ISIS-K threat grows as it targets disaffected Muslims with sophisticated propaganda
The ISIS-K terror group has revamped its online recruiting tactics, experts say, as it seeks to carry out attacks against the U.S. and other Western countries.
The Islamic State affiliate in Afghanistan has ramped up its recruitment efforts in the past year, American officials and analysts say, rolling out a sophisticated propaganda campaign designed to persuade disaffected Muslims to carry out terror plots in the U.S. and other Western countries.
The recent arrest of an Afghan accused of plotting an Election Day attack in the U.S., as well as recent plots in France, Sweden and elsewhere, highlight the growing threat posed by ISIS-K, officials and counterterrorism experts say.
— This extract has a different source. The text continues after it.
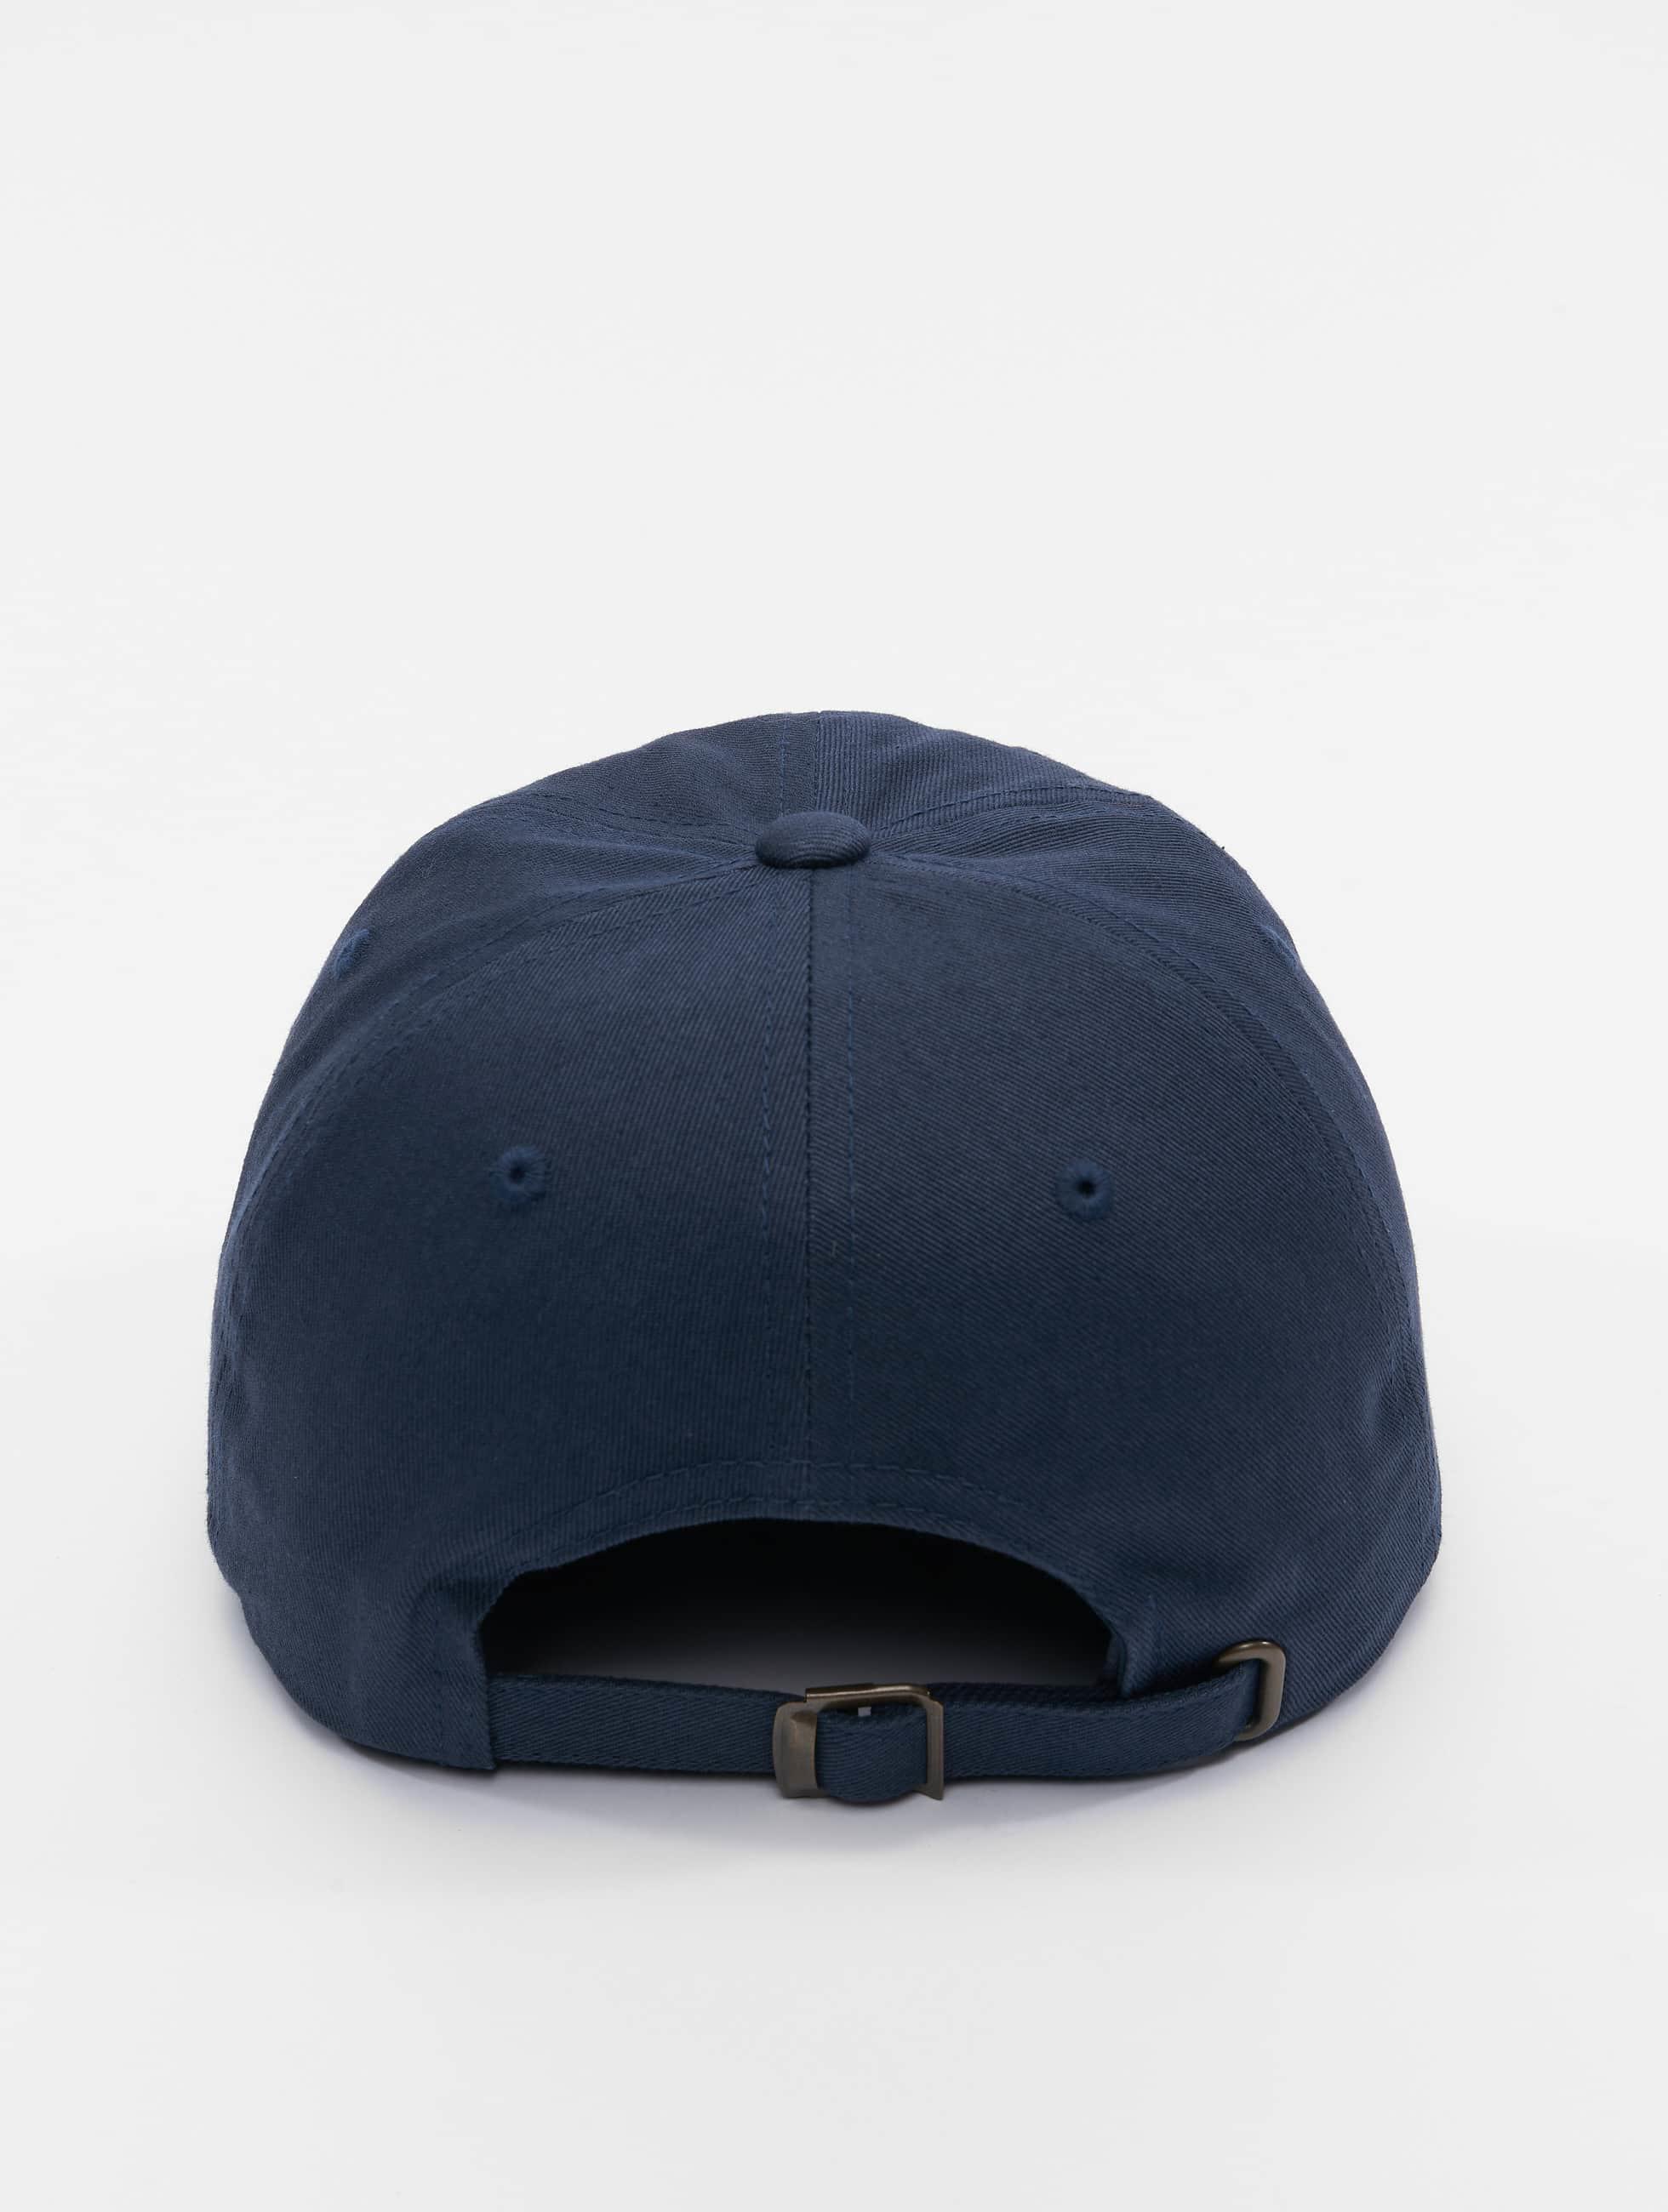 TurnUP Casquette Snapback & Strapback Brrr bleu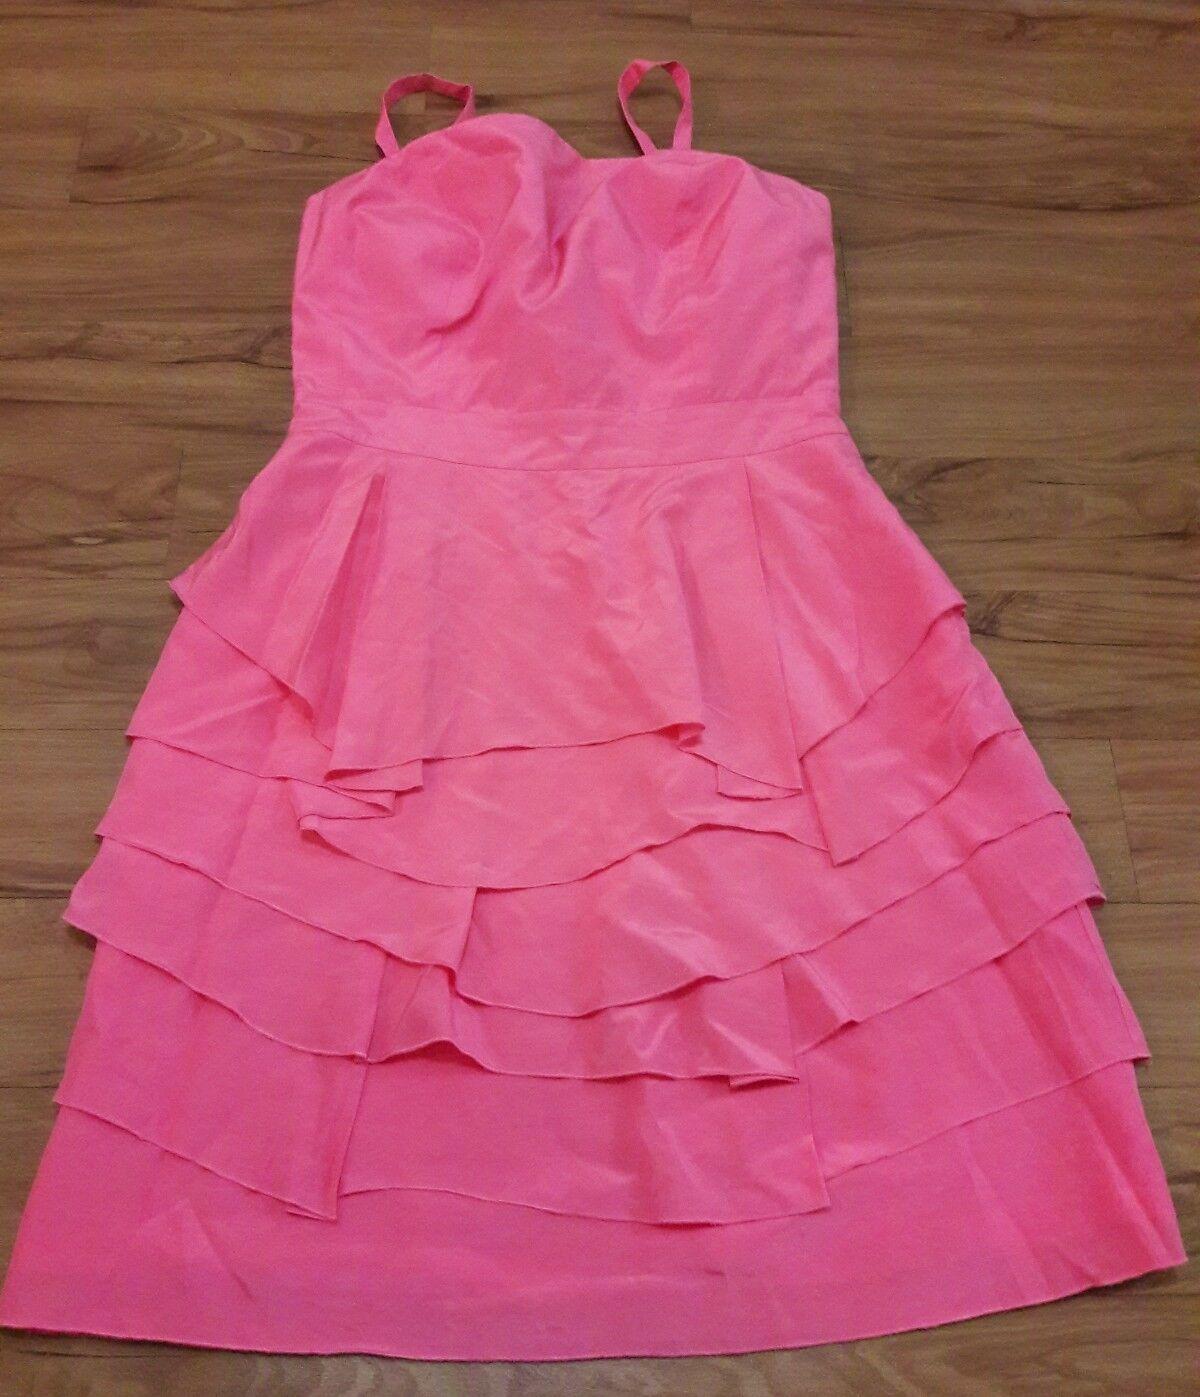 Antonio Melani Strapless Party Dress damen 6 Rosa Cotton Silk Tier Layer Empire

Seeking to rally support and recruit from a range of Muslim diaspora communities in Europe and the U.S., the group has churned out a high volume of videos and articles in more than a dozen languages, including Dari and Pashto, the two primary languages spoken in Afghanistan.
Lucas Webber, senior threat intelligence analyst at Tech Against Terrorism, a nongovernmental organization, said ISIS-K initially focused on Tajik immigrants in the West but has broadened its effort to other ethnic communities. The group is now seeking to exploit the isolation and alienation felt by Afghans and other Muslim immigrants and refugees struggling to build a life in unfamiliar, secular societies.
“It’s not surprising that they may have tapped into resentments amongst Afghans,” said Webber, who is also a research fellow at the Soufan Center, a foreign policy research group based in New York.